Morel, Jerome; Hargreaves, Iain; Brealey, David; Neergheen, Viruna; Backman, Janne T; Lindig, Sandro; Bläss, Marcus; Bauer, Michael; McAuley, Daniel F; Singer, Mervyn.
Afiliação
  • Morel J; Departement d'anesthesie et reanimation, CHU Saint Etienne, Saint Etienne, France.
  • Hargreaves I; Bloomsbury Institute of Intensive Care Medicine, University College London, London WC1E 6BT, U.K.
  • Brealey D; Neurometabolic Unit, National Hospital, Queen Square, London, WC1N 3BG, U.K.
  • Neergheen V; Bloomsbury Institute of Intensive Care Medicine, University College London, London WC1E 6BT, U.K.
  • Backman JT; Neurometabolic Unit, National Hospital, Queen Square, London, WC1N 3BG, U.K.
  • Lindig S; Department of Clinical Pharmacology, University of Helsinki and Helsinki University Hospital, Helsinki, Finland.
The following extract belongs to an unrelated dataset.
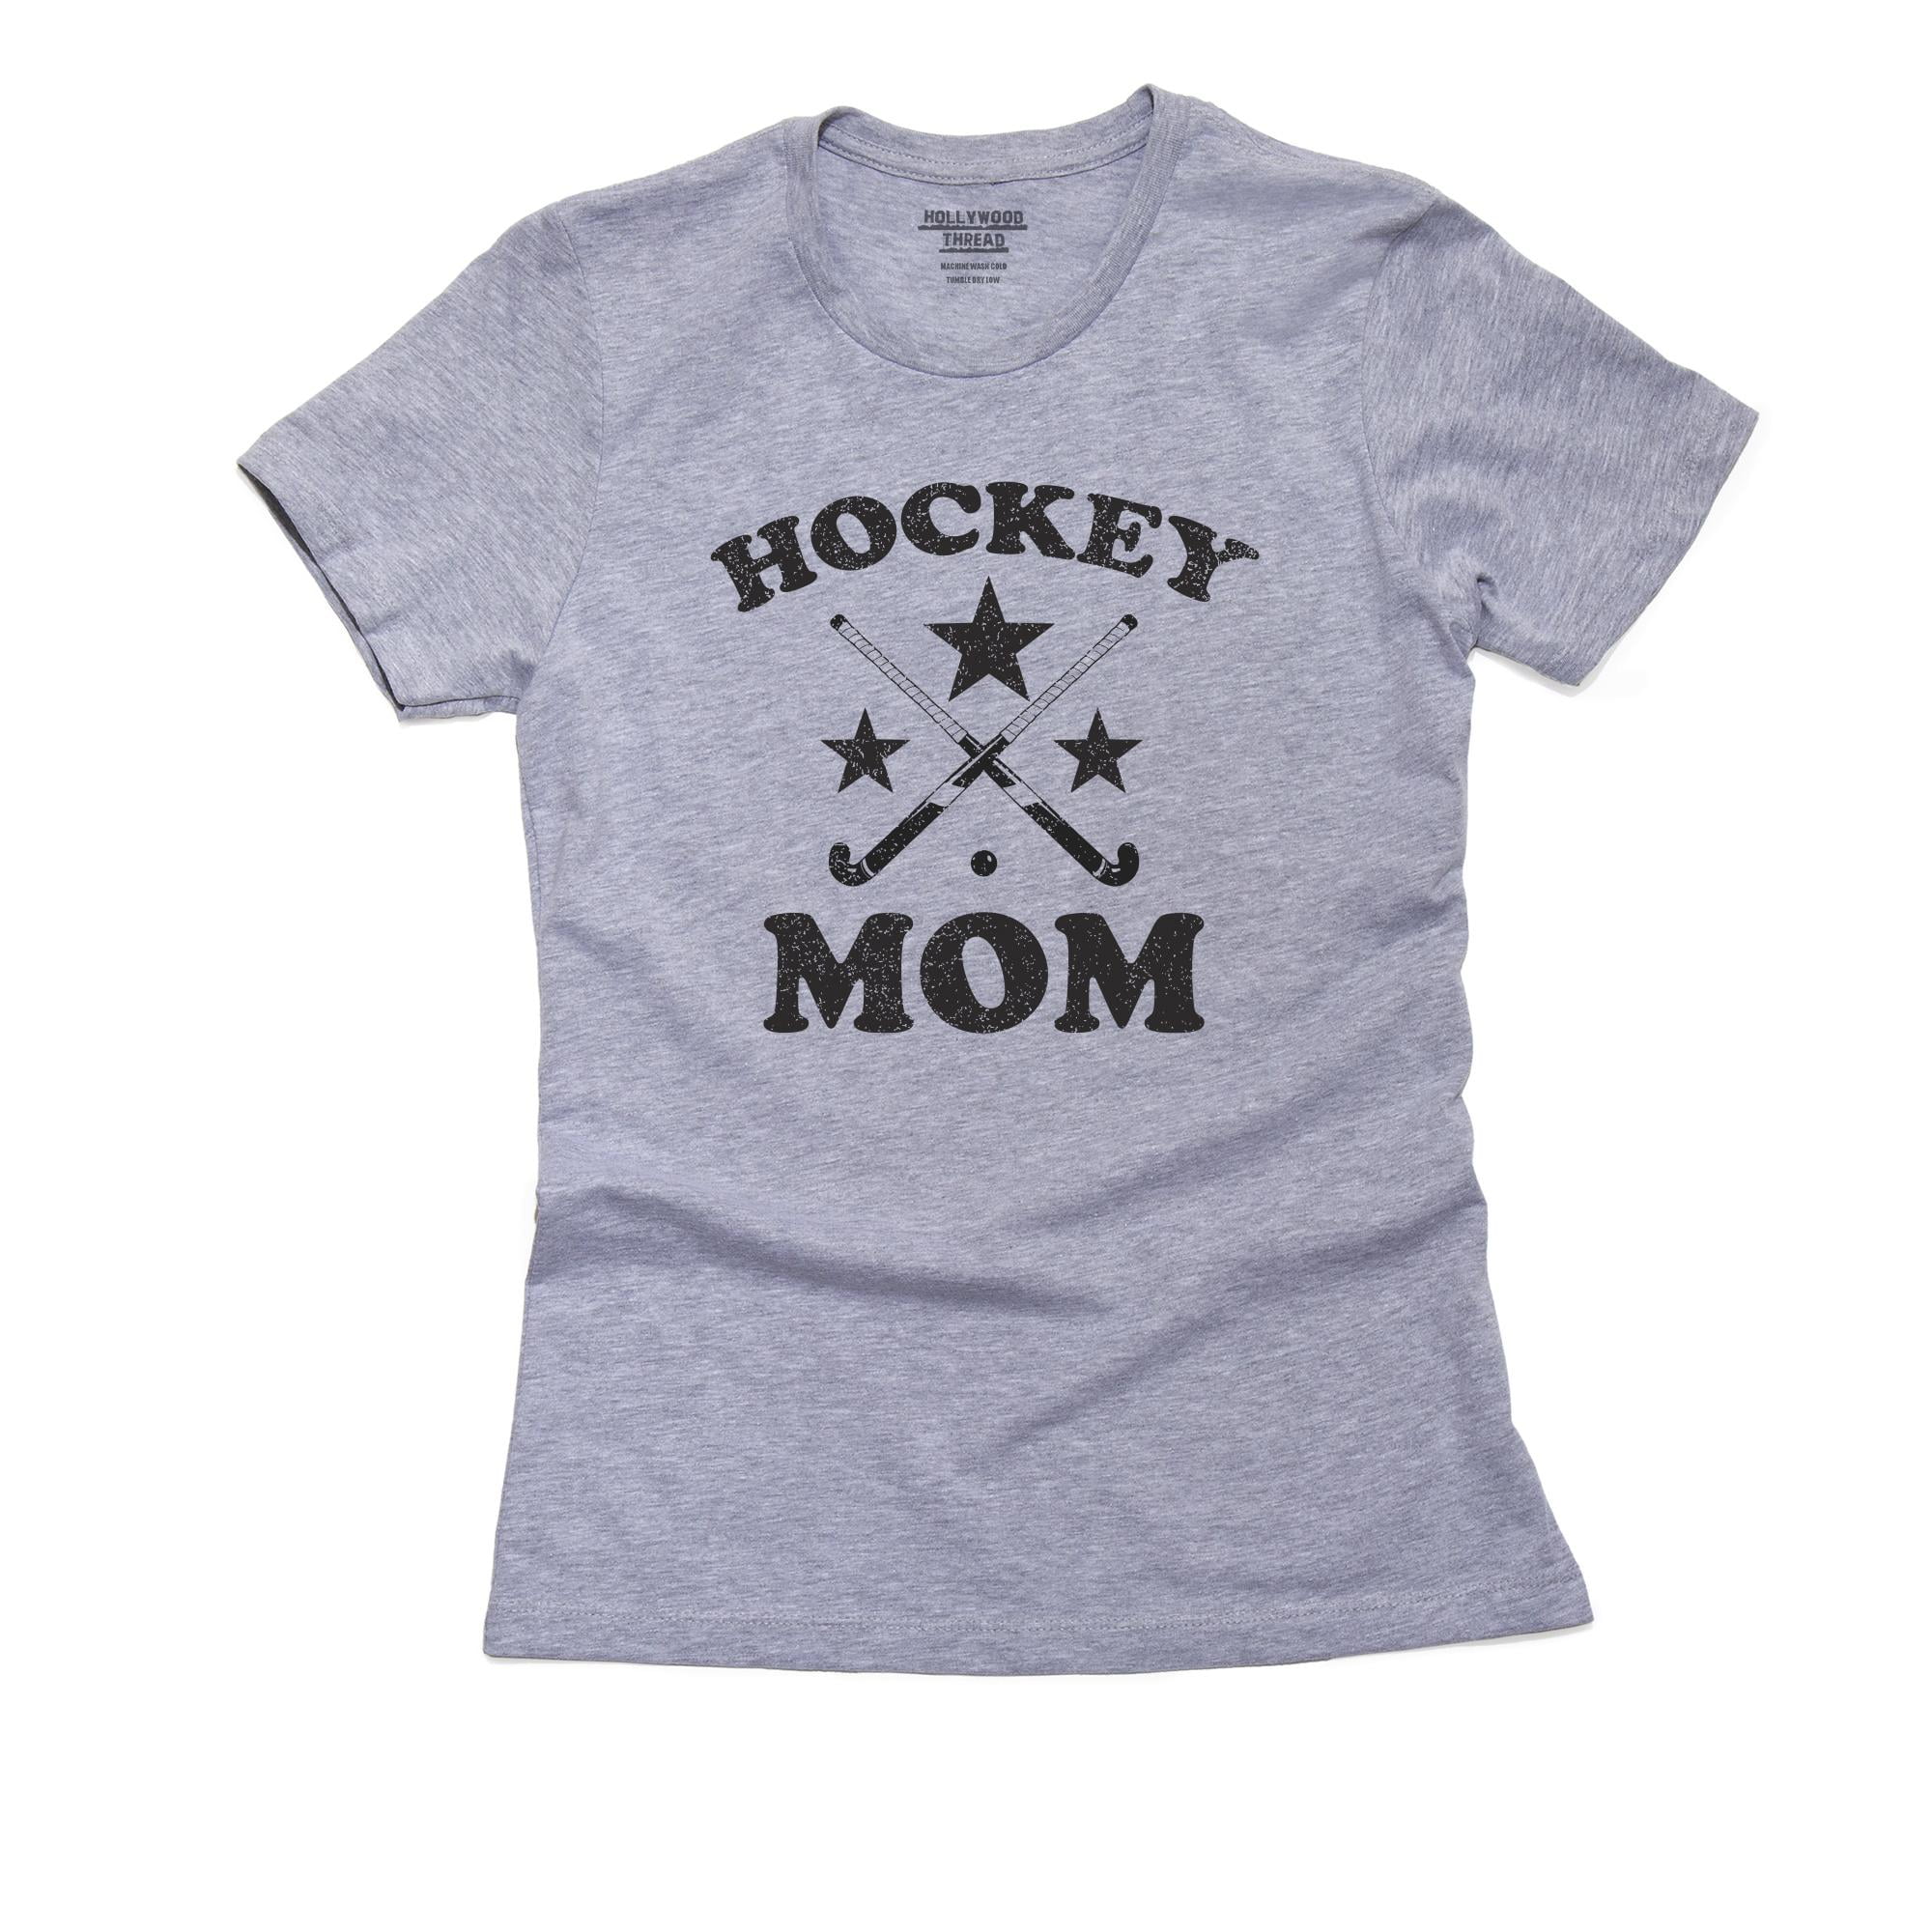 Super Cool Hockey Mom' Women's T-Shirt

  • Bläss M; Department of Anaesthesiology and Intensive Care Therapy and Center for Sepsis Control and Care, Jena University Hospital, Jena, Germany.
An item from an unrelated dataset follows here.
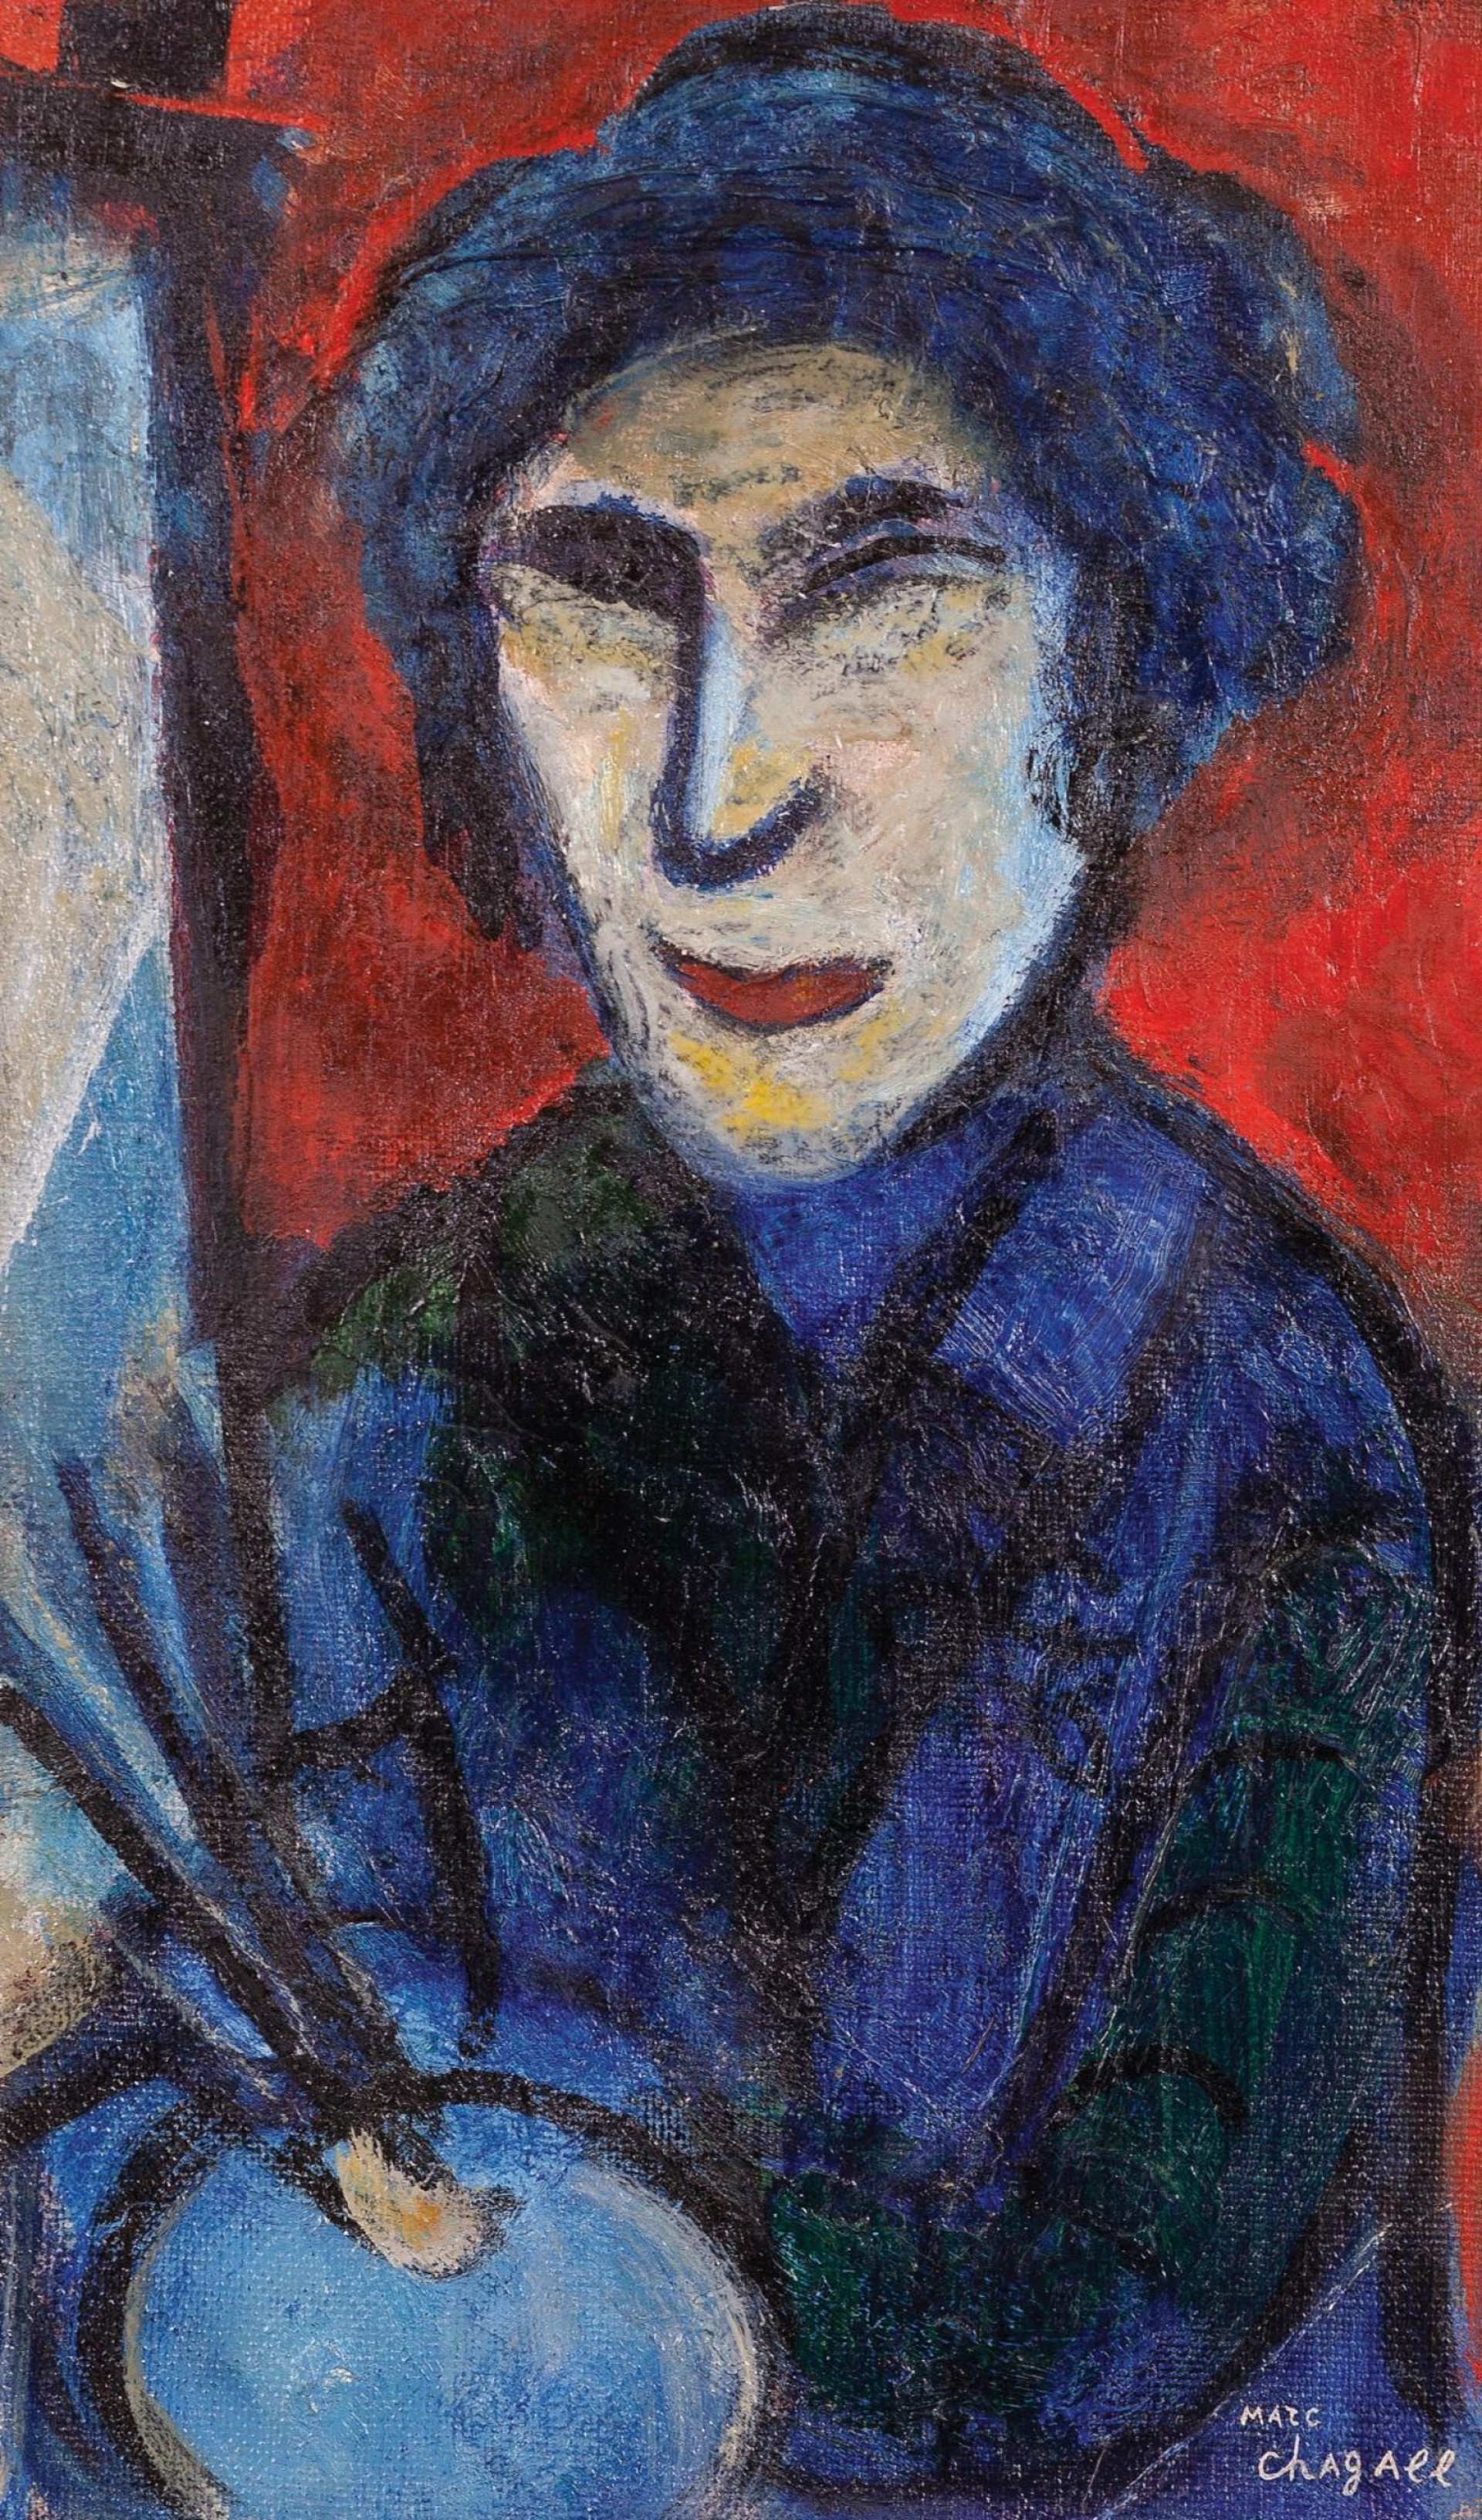 EA_Chagall.jpg

  • Bauer M; Department of Anaesthesiology and Intensive Care Therapy and Center for Sepsis Control and Care, Jena University Hospital, Jena, Germany.
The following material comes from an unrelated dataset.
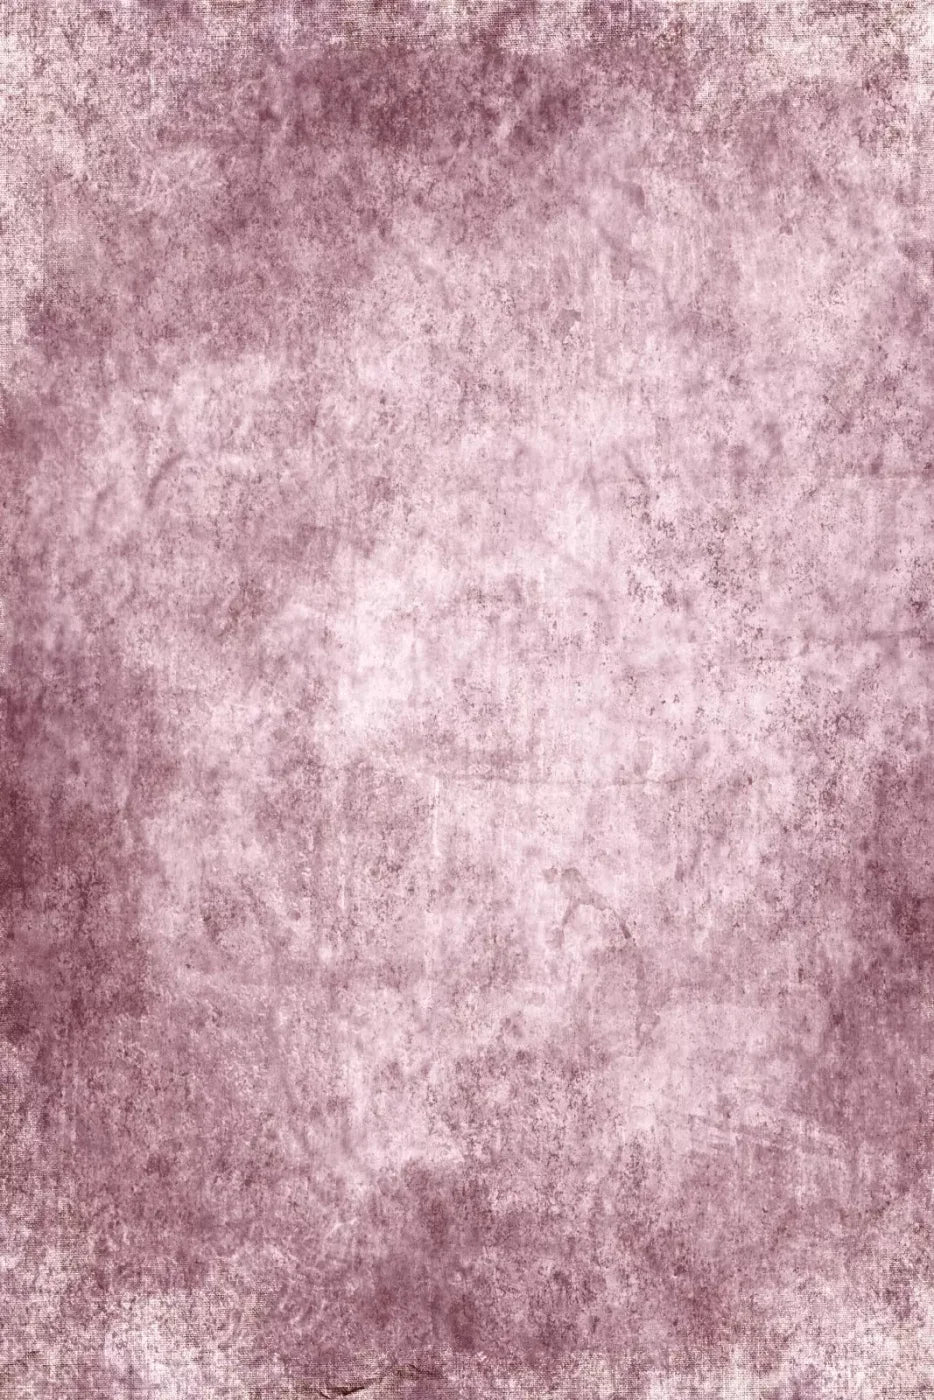 Bubblegum 4X5 Rubbermat Floor ( 48 X 60 Inch ) Backdrop

  • McAuley DF; Department of Anaesthesiology and Intensive Care Therapy and Center for Sepsis Control and Care, Jena University Hospital, Jena, Germany.
  • Singer M; Centre for Infection and Immunity, Queen's University of Belfast and Regional Intensive Care Unit, Royal Victoria Hospital, Belfast, U.K.
Clin Sci (Lond) ; 131(8): 747-758, 2017 Apr 25.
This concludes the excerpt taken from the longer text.